= Beginning of Section =

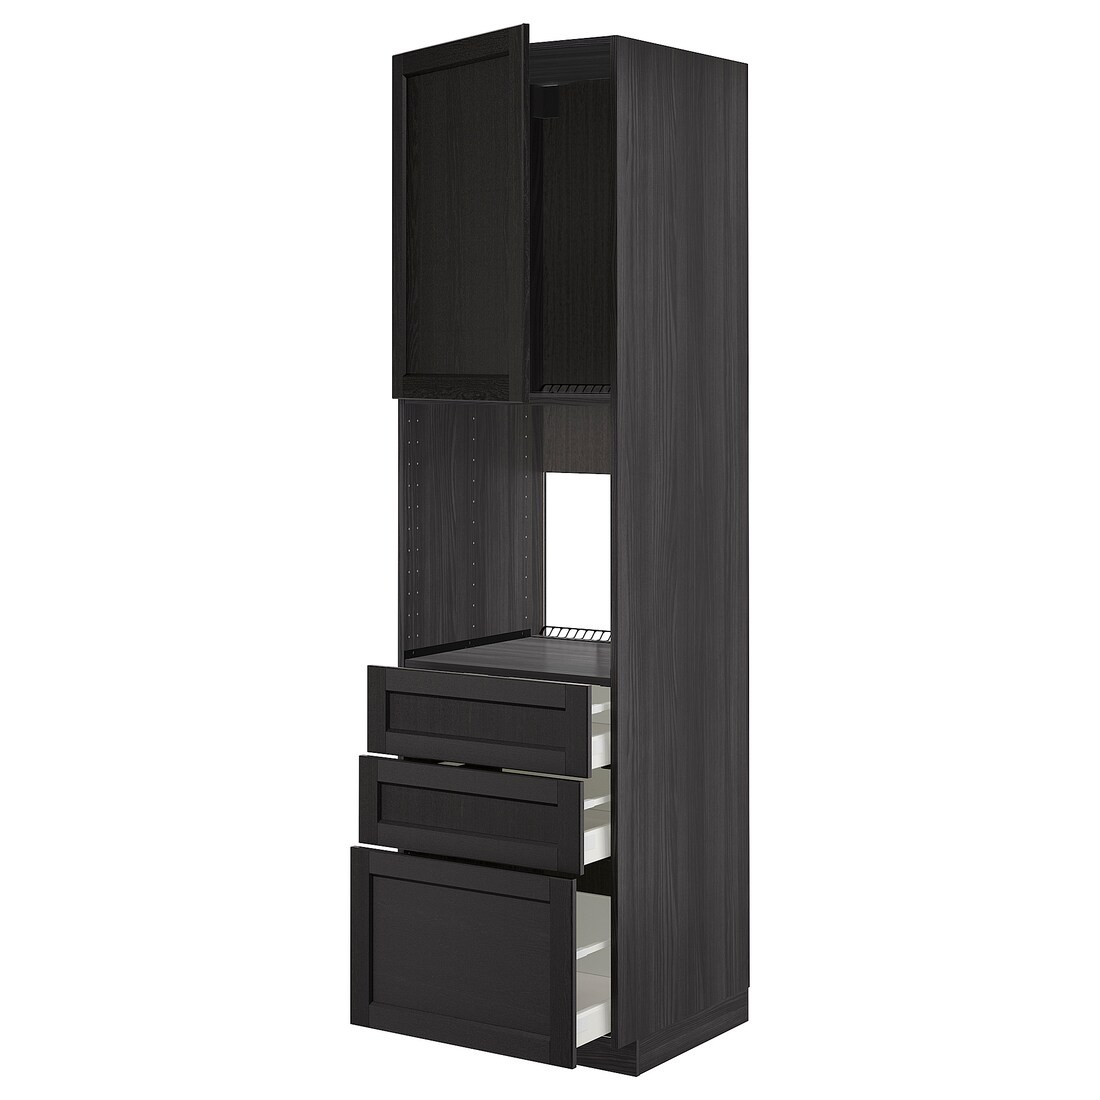 IKEA METOD МЕТОД / MAXIMERA МАКСИМЕРА Высокий шкаф для духовки, черный / Lerhyttan черная морилка, 60x60x220 см 19460983 | 194.609.83
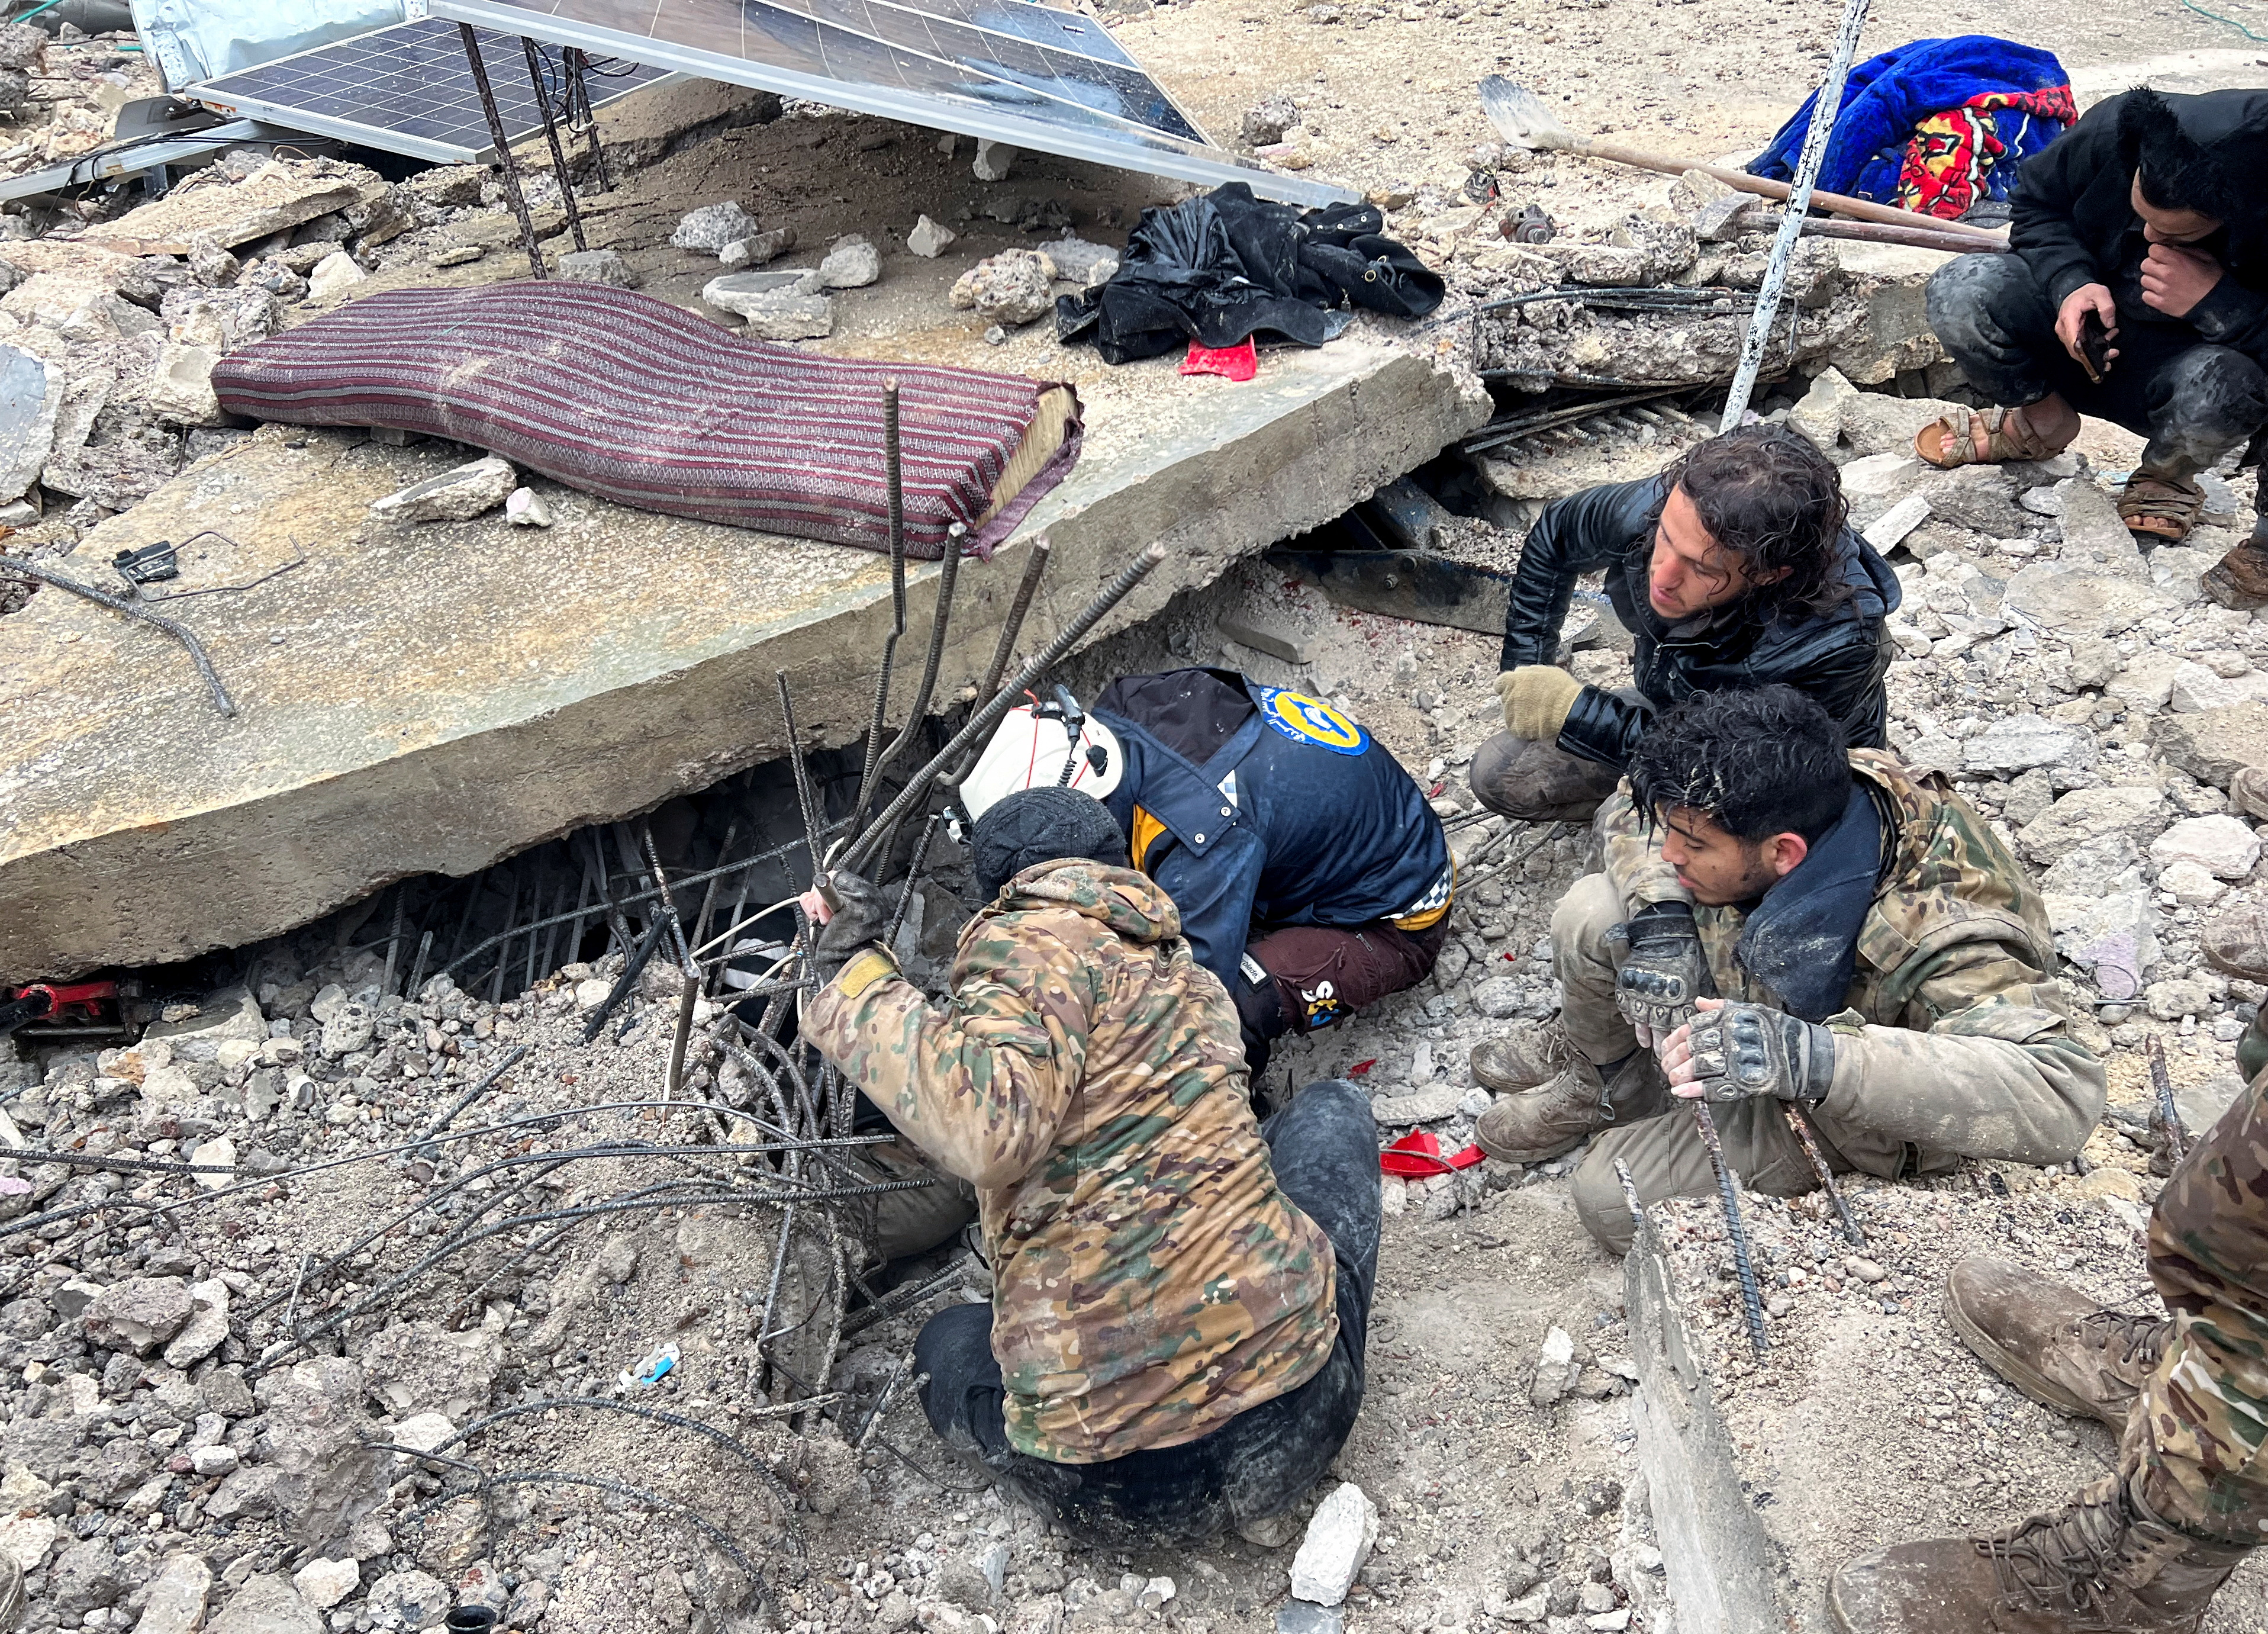 Los rescatistas buscan sobrevivientes bajo los escombros en la ciudad rebelde de Jandaris, Siria.
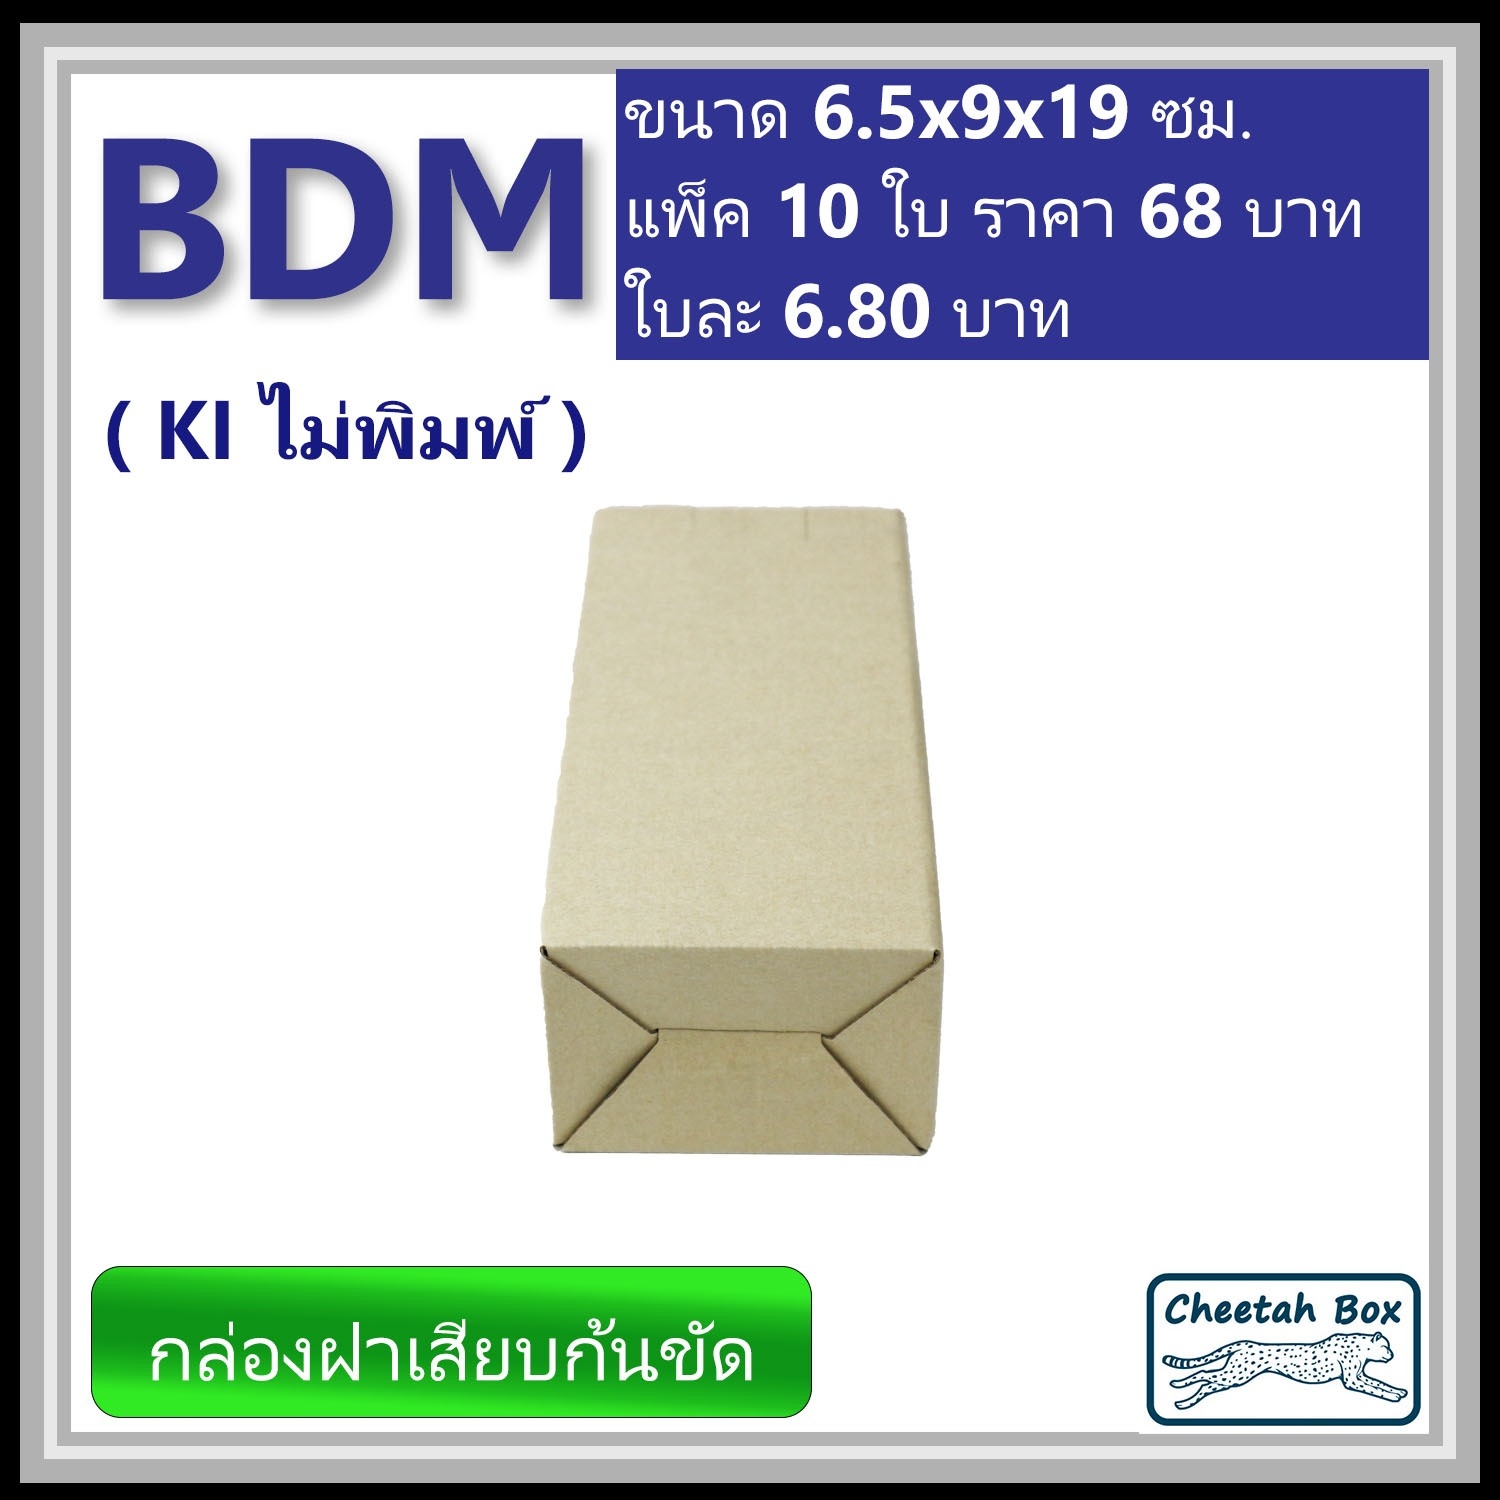 กล่องไดคัททรงสูง ฝาขัดก้นเสียบ BDM ไม่พิมพ์ (Die-cut Box) ขนาด 6.5W x 9L x 19H cm.

= End of Section =

TASK TO CARRY OUT: From the line containing "Los rescatistas buscan" to the end of the data above, give those lines again verbatim, with both endpoints included and no images.

SOLUTION TO THE EXERCISE:
 Los rescatistas buscan sobrevivientes bajo los escombros en la ciudad rebelde de Jandaris, Siria.
 กล่องไดคัททรงสูง ฝาขัดก้นเสียบ BDM ไม่พิมพ์ (Die-cut Box) ขนาด 6.5W x 9L x 19H cm.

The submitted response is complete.